Artificial Neural Network(ANN)

Okay, now that we’ve met our single artificial neuron — the perceptron — let’s see what happens when many of them start working together.
Think of it like a group project: one neuron alone can do only simple tasks, but when hundreds of them join forces, they can solve complex problems like recognizing faces, understanding speech, or even driving cars! 
To solve complex problems such as image recognition, speech recognition, and language translation, multiple neurons are connected together to form an Artificial Neural Network (ANN).

Definition

An Artificial Neural Network (ANN) is a computational model inspired by the human brain, consisting of interconnected artificial neurons arranged in layers.
These neurons work together to learn patterns from data by adjusting weights during training.

An ANN is usually organized into three main types of layers:

  1. Input Layer
    This is where the network receives data.
    Each node (or neuron) in this layer represents one feature from the dataset.
    Example: If you are predicting whether an image is of a cat or dog, each pixel’s value from the image becomes an input.
  2. Hidden Layer(s)
    This is the brain of the network.
    It processes the inputs, detects patterns, and learns relationships between data.
    The more hidden layers a network has, the deeper it becomes — that’s why we call them Deep Neural Networks (DNNs).
    Example: In our cat-dog image, the first hidden layer might detect edges, the next one eyes and ears, and another might detect fur patterns.
  3. Output Layer
    This is where the final decision is made.
    Example: Output layer might say — “ 90% Dog,  10% Cat.”

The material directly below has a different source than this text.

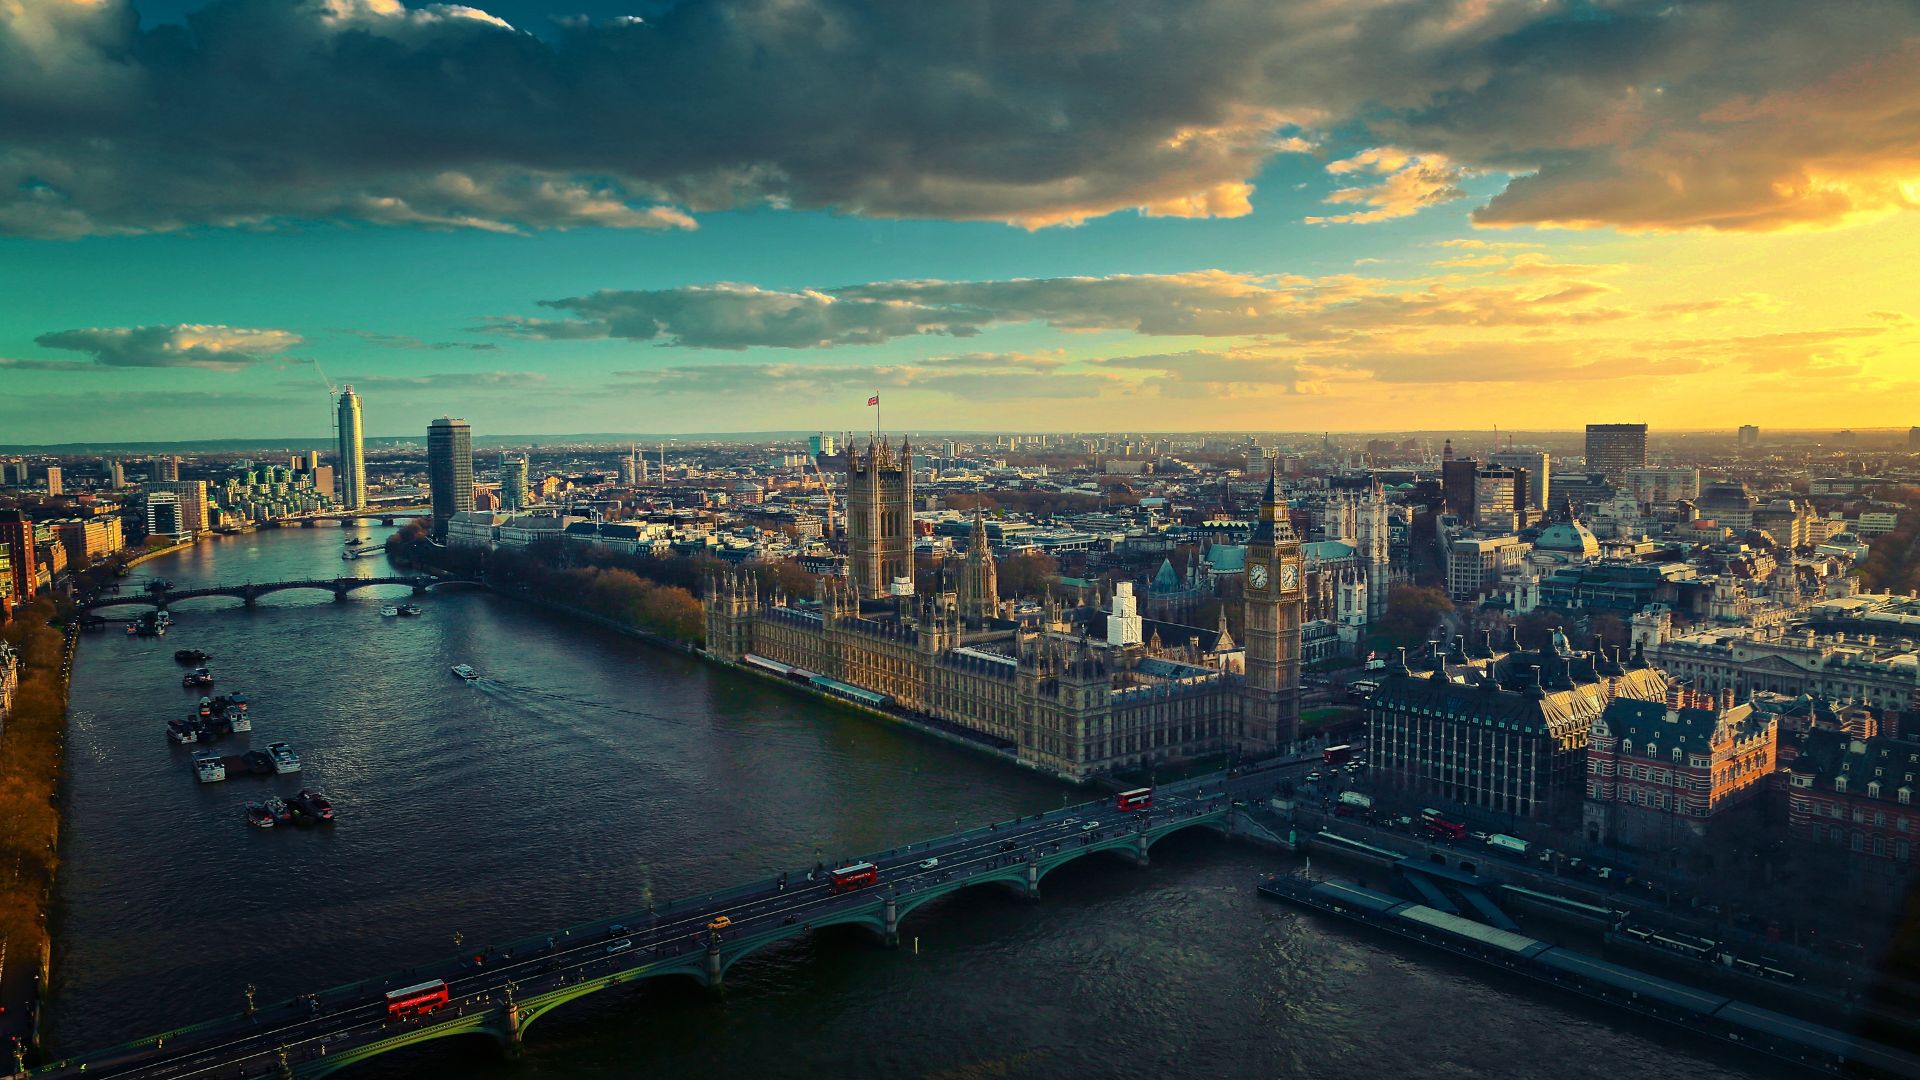 Birds-eye view of the City of London. The River Thames can be seen in the foreground, with other London famous buildings including the Tower of London and Houses of Parliament in the background.

Each connection has a weight (importance), and the network learns by adjusting those weights .

Following fig shows Weights and Bias in Artificial neural network

The working of an Artificial Neural Network (ANN) can be understood as a step-by-step process in which the network receives input data, makes a prediction, checks the error, and learns by correcting its mistakes. The following steps explain the working of an ANN.

1️ Input

  • The ANN first receives input data.
  • Each input is a feature of the problem.

Example:
Marks, height, image pixels, or yes/no features.

👉 Inputs are given to the input layer.


2️ Forward Propagation (Guessing Stage)

  • Inputs move forward through the network:
    • Input layer → Hidden layer → Output layer
  • In each neuron:
    • Inputs are multiplied by weights
    • Bias is added
    • Activation function is applied

👉 The network makes a guess.


3️ Output

  • The output layer gives the final prediction.
  • This can be:
    • 0 or 1 (classification)
    • A value (regression)

👉 This is what the network thinks is the answer.


4️ Backward Propagation (Learning Stage)

  • The output is compared with the correct answer.
  • Error is calculated.
  • The error is sent backward through the network.
  • Weights and bias are adjusted to reduce the error.

👉 The network learns from its mistake.


5️ Repeat (Training)

  • Steps 1 to 4 are repeated many times.
  • Each time, the error becomes smaller.
  • The prediction becomes more accurate.

Final Understanding (One-line)

Input → Guess → Check → Correct → Repeat


In this way, an Artificial Neural Network learns from data and improves its output step by step.


“Forward propagation is guessing, backward propagation is correcting.”